Monika Arora is a senior advocate in the Delhi High Court and the Supreme Court of India and the Convener of the Group of Intellectuals and Academicians (GIA). She is the standing counsel for Jawaharlal Nehru University and has represented JNU in important matters in court. She has been a counsel for various ministries including the Home ministry, Finance ministry, External affair ministry and the ministry of Human Resource and Development. She has fought thousands of cases in various courts. She is a powerful orator and has participated in various seminars/ awareness campaigns on Uniform Civil Code and ending discrimination against women. She has been fighting for women's right to equality, freedom and dignity.

Sonali Chitalkar is Assistant Professor, Department of Political Science at Miranda House, University of Delhi. Her area of Specialization is International Relations with a focus on Conflict Resolution. She has been working on the State of Jammu and Kashmir as a part of peace facilitation. She is currently working on the framework of an Indic Theory of Gender as a part of her interest in Decolonisation of the Indian mind and Indigenous Political Theory.

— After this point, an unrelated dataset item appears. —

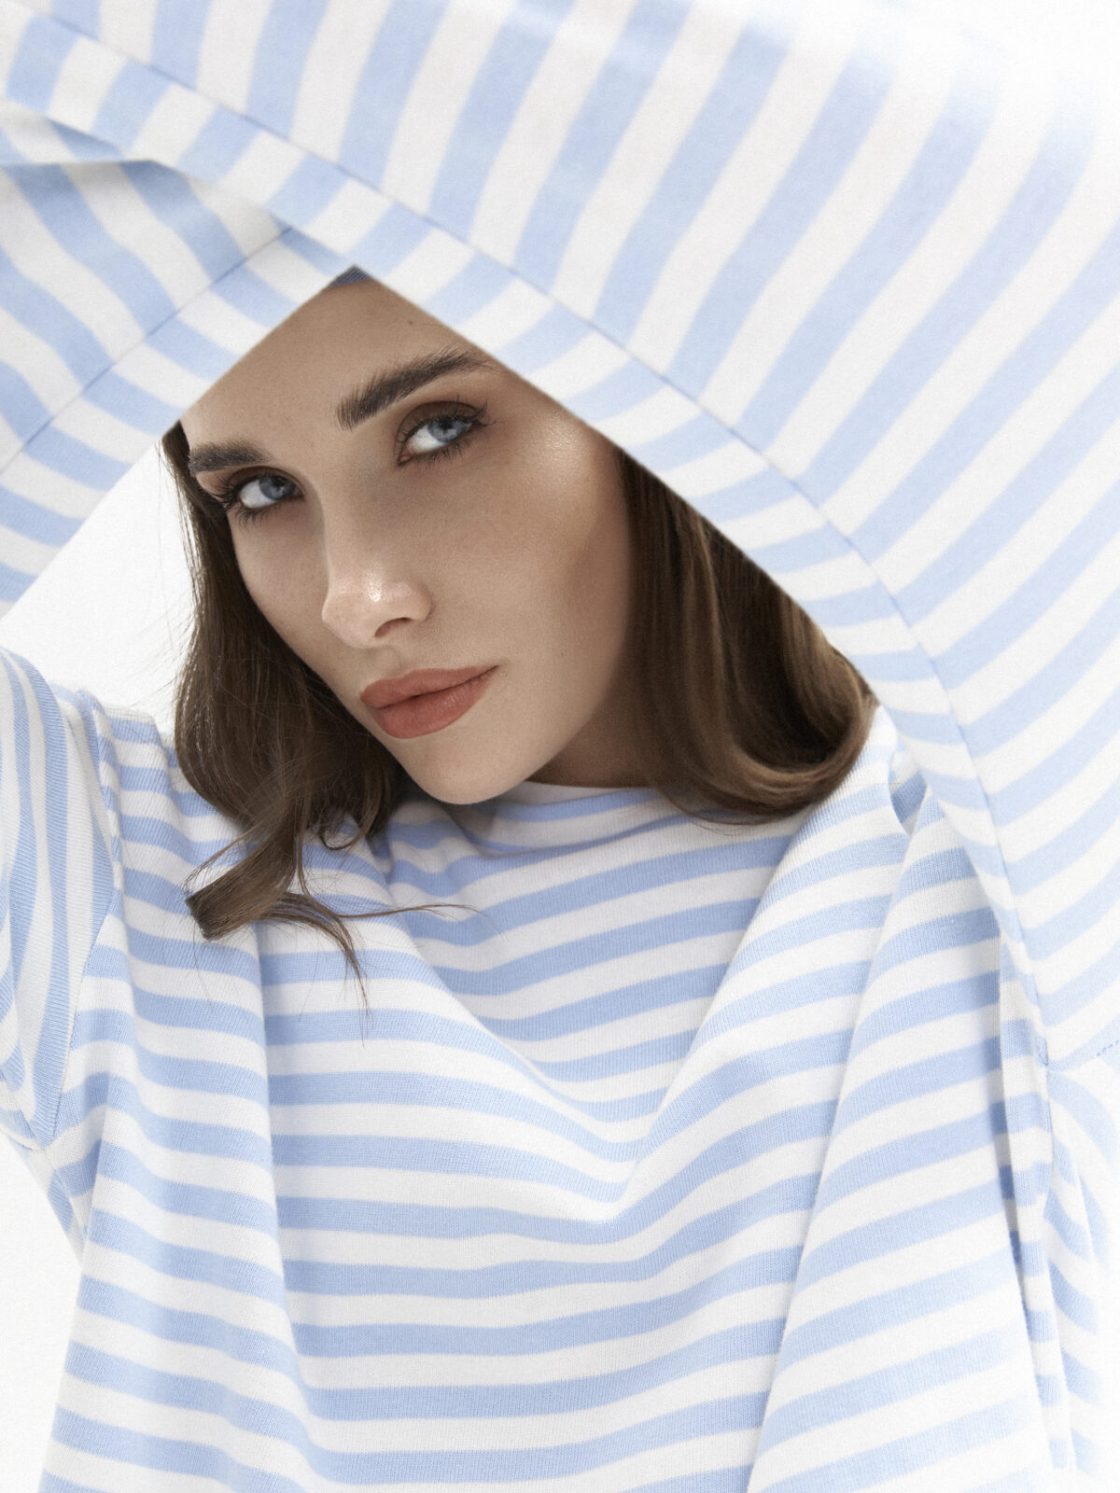 Привет романтике и свободе: российский бренд KSENIA KNYAZEVA представил летнюю коллекцию женской одежды 202415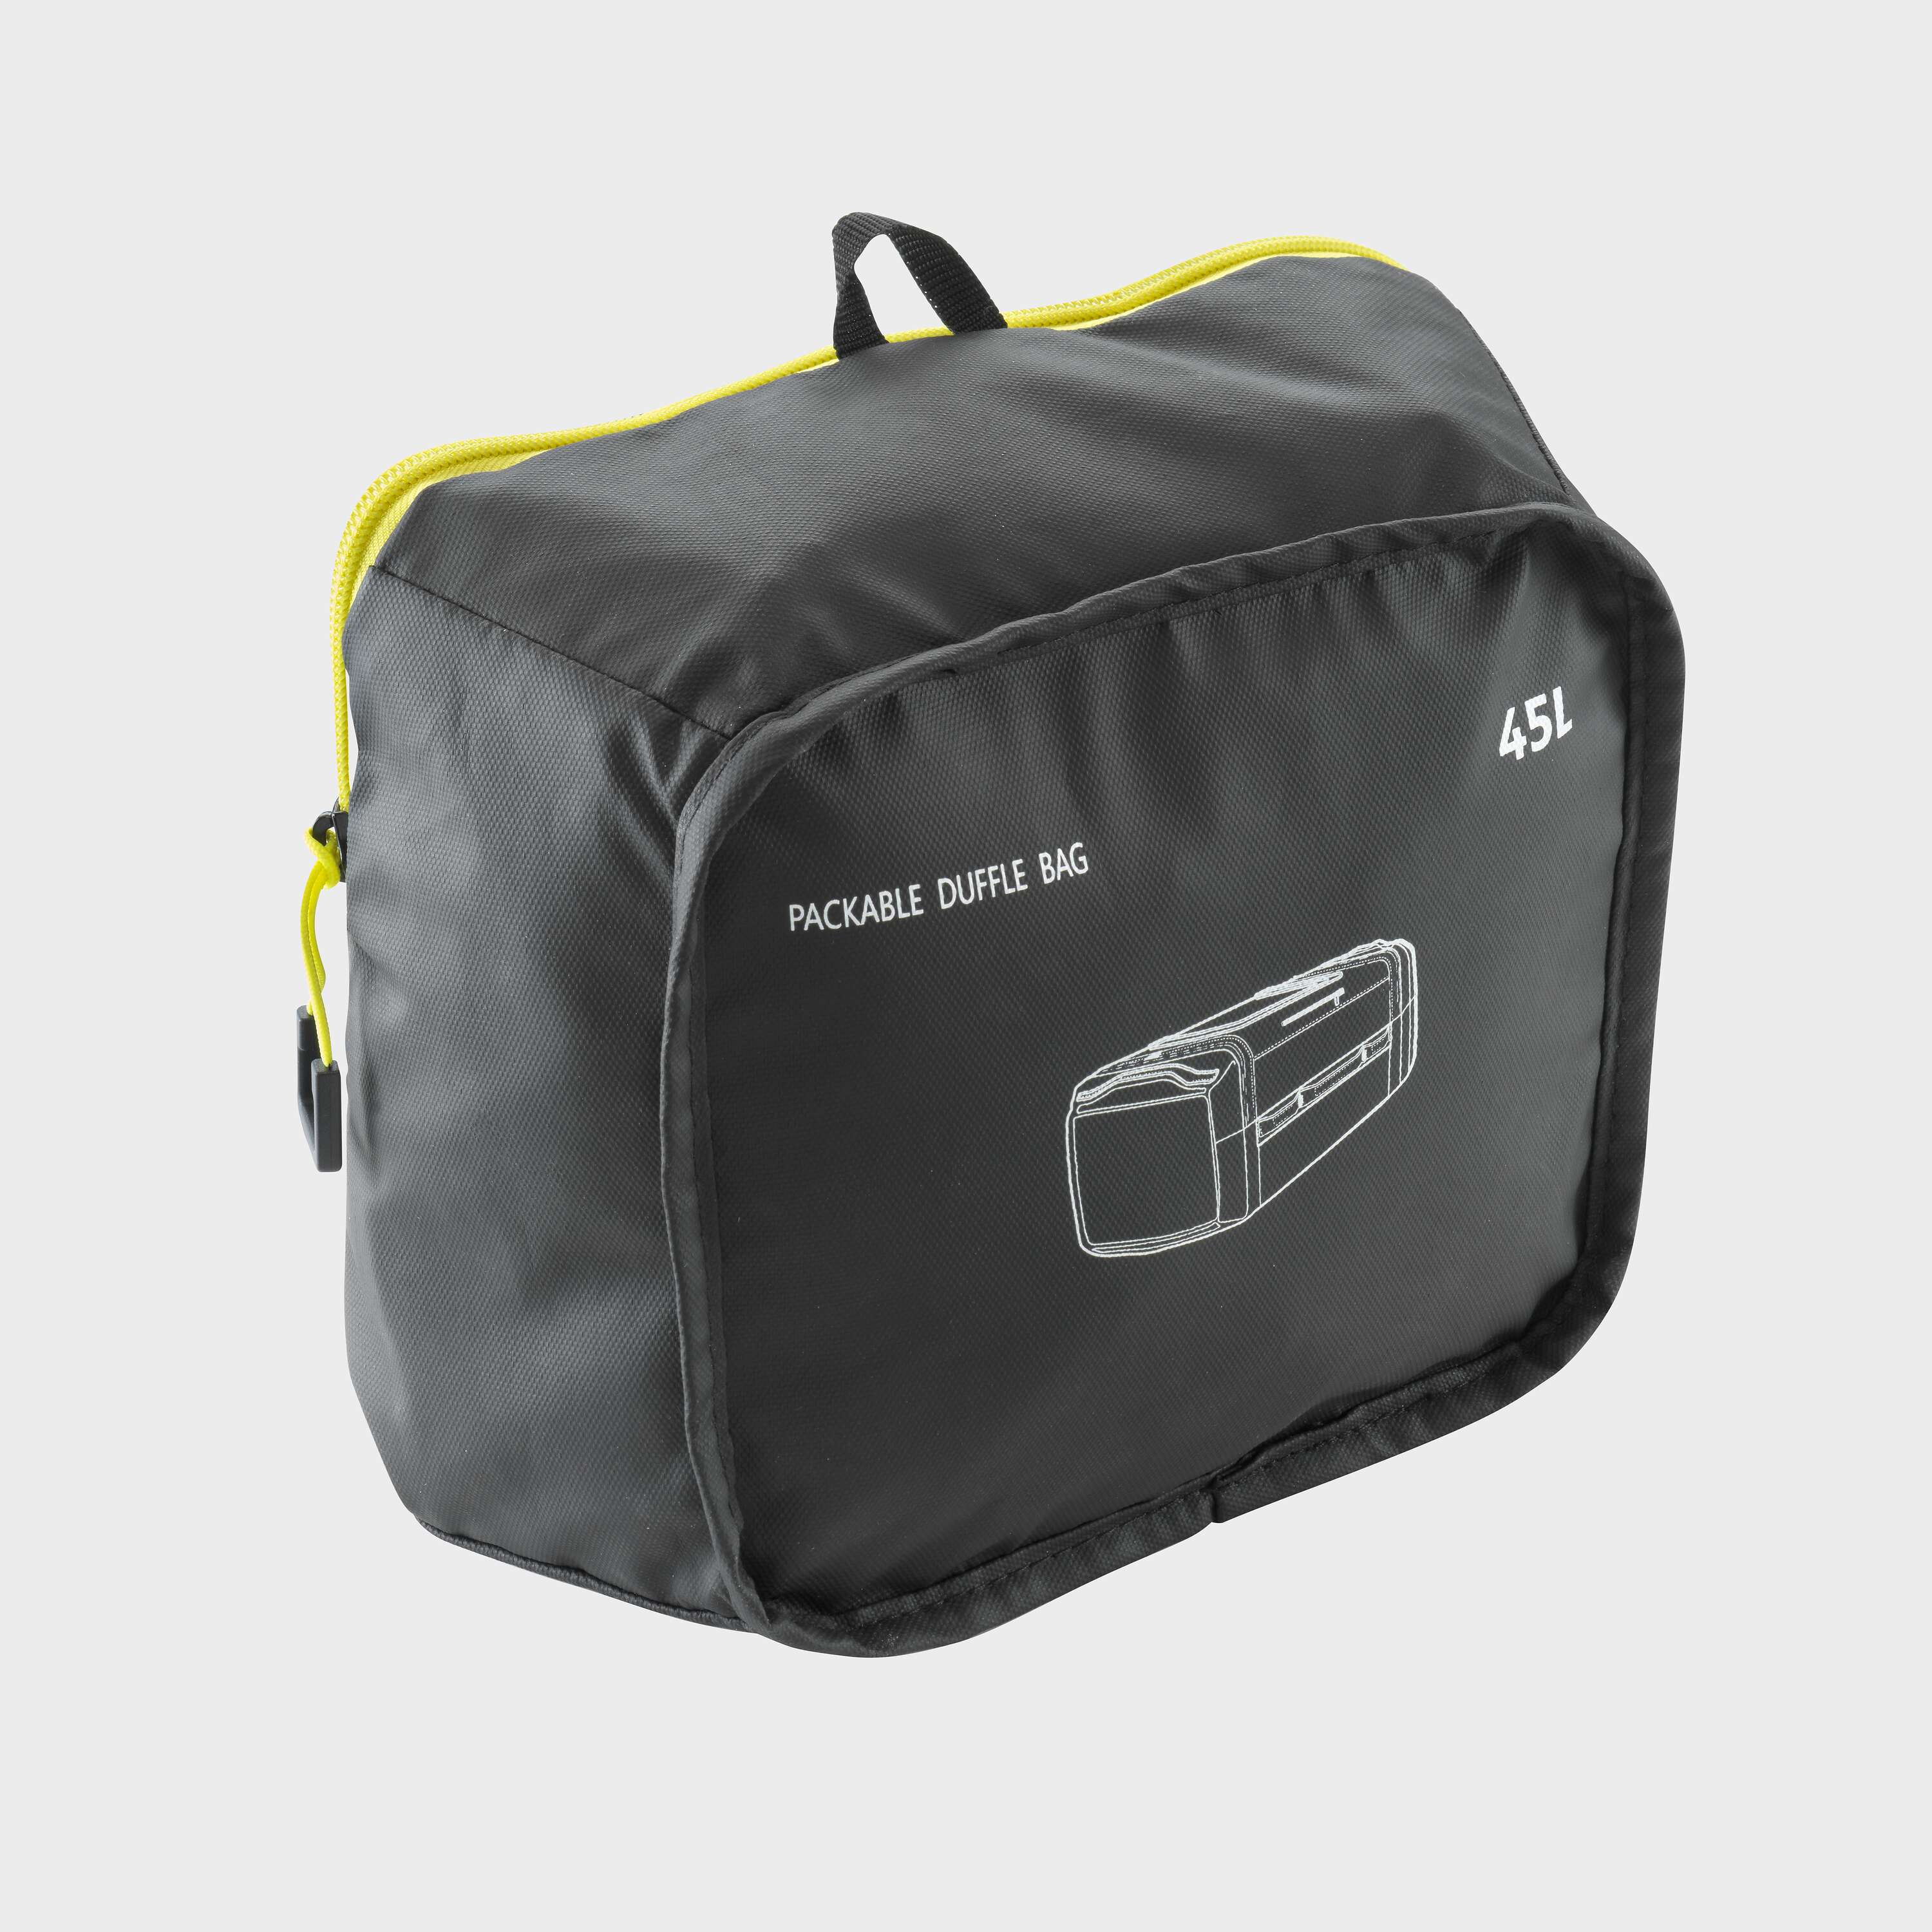 Husqvarna Duffle Bag 45L Packable

Dr. Prerna Malhotra teaches English at Ram Lal Anand College, Delhi University. She is the author of several books and is a prolific speaker and social influencer. She has worked extensively in Bastar and is a passionate voice for the rights of tribals of Bastar and against their brutalization by Urban Naxals.

Preface

As we bring forth this publication based on the ground report of the Delhi Riots early this year, which was a fact-finding mission undertaken by the Group of Intellectuals and Academicians (GIA) I am filled with a sense of having fulfilled our moral duty. After multiple visits to North East Delhi in the aftermath of the riots in February 2020, it was incumbent upon us to tell the world the true story of the agony faced by the 53 victims who lost their lives in this senseless violence. I am also aware that telling their story and that of the ordinary people who suffered economic losses and faced the naked terror on the streets of Delhi is necessary to cut through the rhetoric and propaganda associated with this episode of engineered communal violence. GIA watched with concern as Delhi burnt on 23-26 February 2020. However much before the immediate violence, members of the GIA discussed and worried over the deepening stress and tension that was being deliberately created in our beloved city over the Citizenship Amendment Act (CAA). Some of our members, who teach in various colleges in Delhi University (DU) and Jawaharlal Nehru University (JNU), noted the deliberate escalation of communal fault lines in Delhi at anti-CAA protest sites. We visited Shaheen Bagh to understand the happenings on the ground. And we came back appalled at the senseless dramatics being orchestrated by random groups there. We saw first-hand how theatrics and ideology, cloaked under the banner of the Tricolour and the Indian Constitution, barely hid a communal undertone. It was here that Kali, the free and fierce Hindu goddess, was imprisoned in a hijab. It was in Shaheen Bagh that Aum and the Swastika, holy to all Indic faiths, were desecrated.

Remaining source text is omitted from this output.